Der US-Sicherheitsexperte Richard Perle über Amerikas Feldzug gegen Bin Laden und die nächsten Kriegsziele der internationalen Koalition gegen den Terrorismus
aus DER SPIEGEL 43/2001

SPIEGEL: Mr. Perle, schon im Jahr 1997 hatte jemand eine böse Vorahnung: »Eines Tages wird ein Anschlag wie der auf das World Trade Center Erfolg haben, und danach werden wir alle Vorsicht fahren lassen.« Wer war's?

Perle: Ich weiß es nicht.

SPIEGEL: Sie.

Perle: Tatsächlich? Wir wussten ja schon lange, dass die Terroristen über ein globales Netzwerk verfügen und dass sie zu wüsten Anschlägen im Stande sind. Uns ist zum Beispiel nach dem Bombenattentat auf das World Trade Center 1993 nichts Adäquates eingefallen, und diese Schwäche hat die Terroristen ermutigt. Es war nur eine Frage der Zeit, bis sie einen ihrer ehrgeizigeren Pläne verwirklichen würden.

SPIEGEL: Haben die Vereinigten Staaten im Krieg gegen Afghanistan alle Vorsicht fahren lassen?

Perle: Das glaube ich nicht. Der Feldzug in Afghanistan soll die Grundlagen von al-Qaida zerstören. Wenn uns das gelingt, kennen die anderen staatlichen Sponsoren terroristischer Gruppen das Risiko, das sie eingehen, wenn sie ihnen Geld, den Geheimdienst, ihr Territorium und ihre Logistik zur Verfügung stellen.

SPIEGEL: Aber ist es nicht eine Illusion zu glauben, dass der Terrorismus durch einen Krieg eliminiert werden kann?

Perle: Natürlich lässt sich der Terrorismus ebenso wenig wie Drogen oder andere Verbrechen aus der Welt schaffen. Wir können aber die Bewegungsfreiheit der Terroristen aufs Äußerste einschränken, so dass sie nie wieder Anschläge wie am 11. September ausführen können. Sobald wir die Zahl der Terroristen erheblich verringert haben, können sich unsere Polizei und unser Geheimdienst um sie kümmern.
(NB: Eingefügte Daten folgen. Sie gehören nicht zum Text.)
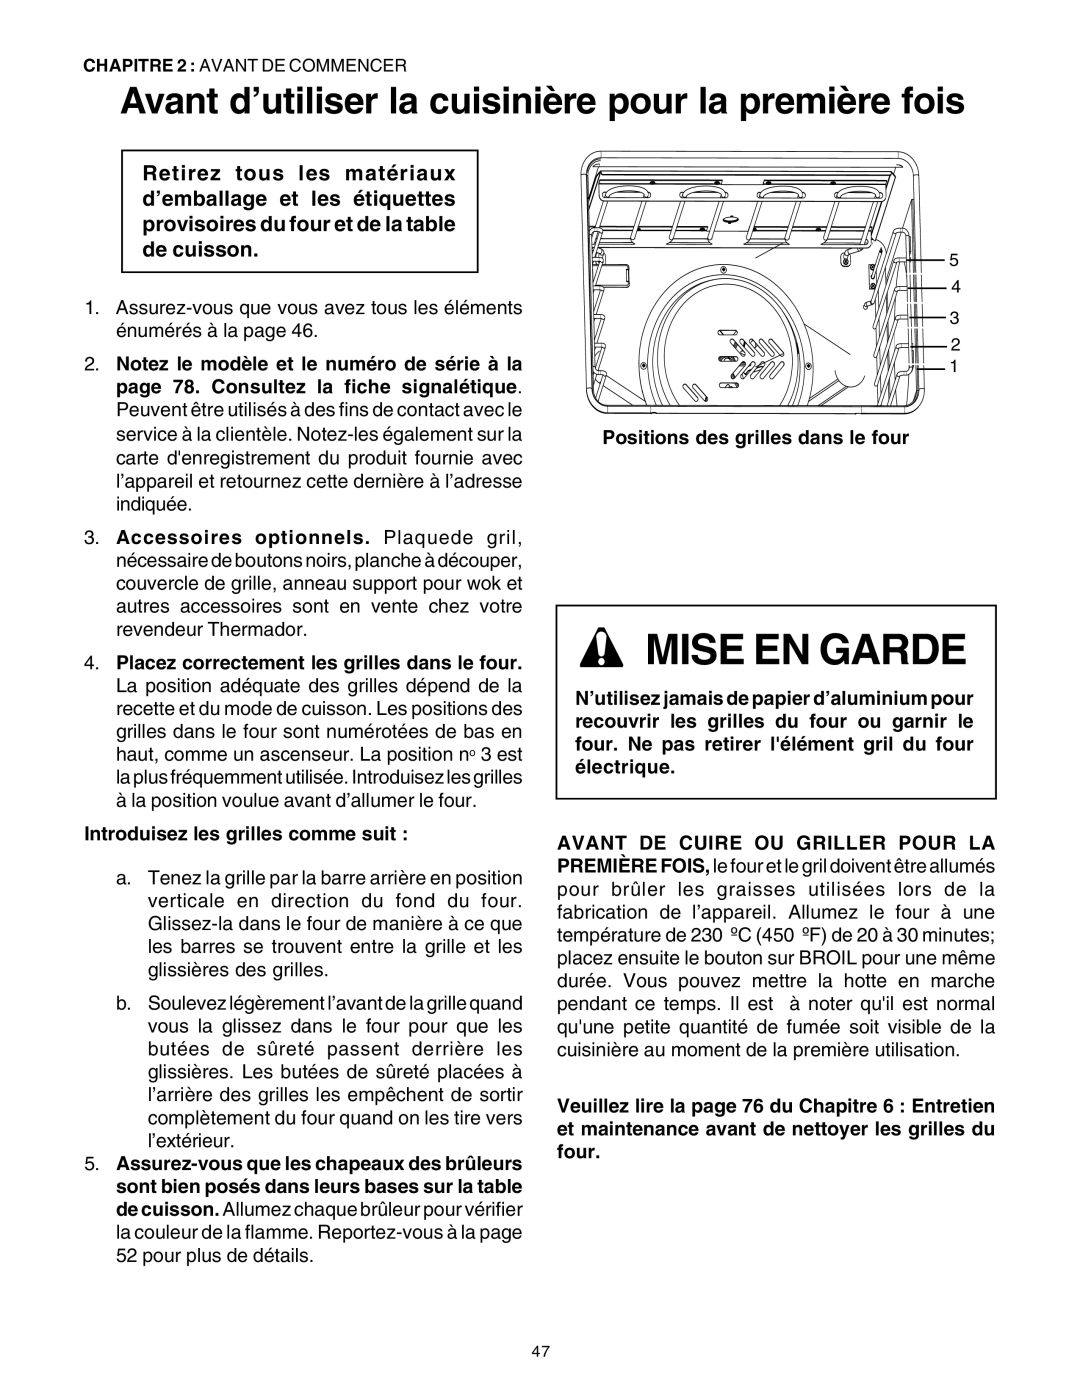 Thermador DP30 manual Mise En Garde, Introduisez les grilles comme suit, Positions des grilles dans le four

Bleibt die Zahl der Terroristen aber so groß wie derzeit, werden wir überwältigt werden.

SPIEGEL: Die Taliban-Regierung zu stürzen ist offenbar nur eine Frage der Zeit. Eine Ersatzhandlung, weil Osama Bin Laden nicht zu fassen ist?

Perle: Nein, sondern das funktionale Gegenstück für das Ergreifen Bin Ladens, allerdings ohne die psychologische Befriedigung, seiner habhaft werden zu können. Sobald eine neue Regierung in Afghanistan die Herrschaft übernommen hat, wird Bin Laden zum Flüchtling und seine Handlungsfreiheit eng begrenzt. Momentan ist er noch ein Ehrengast, der Schutz genießt und den erforderlichen Nachschub erhält. Er ist praktisch ein Mitglied der Taliban-Regierung.

SPIEGEL: Wäre es aus Ihrer Sicht eine Niederlage, wenn die Vereinigten Staaten Bin Laden nicht aufspüren könnten?

Perle: Es wäre ein Fehler, den Erfolg von seiner Person abhängig zu machen. Ein großer Fortschritt bestünde schon darin, die terroristische Gefahr entscheidend zu verringern. Wenn Bin Laden künftig keine Anschläge mehr planen und organisieren kann, kommt das fast seiner Ergreifung gleich. Nur auf die psychologische Befriedigung müssten wir verzichten.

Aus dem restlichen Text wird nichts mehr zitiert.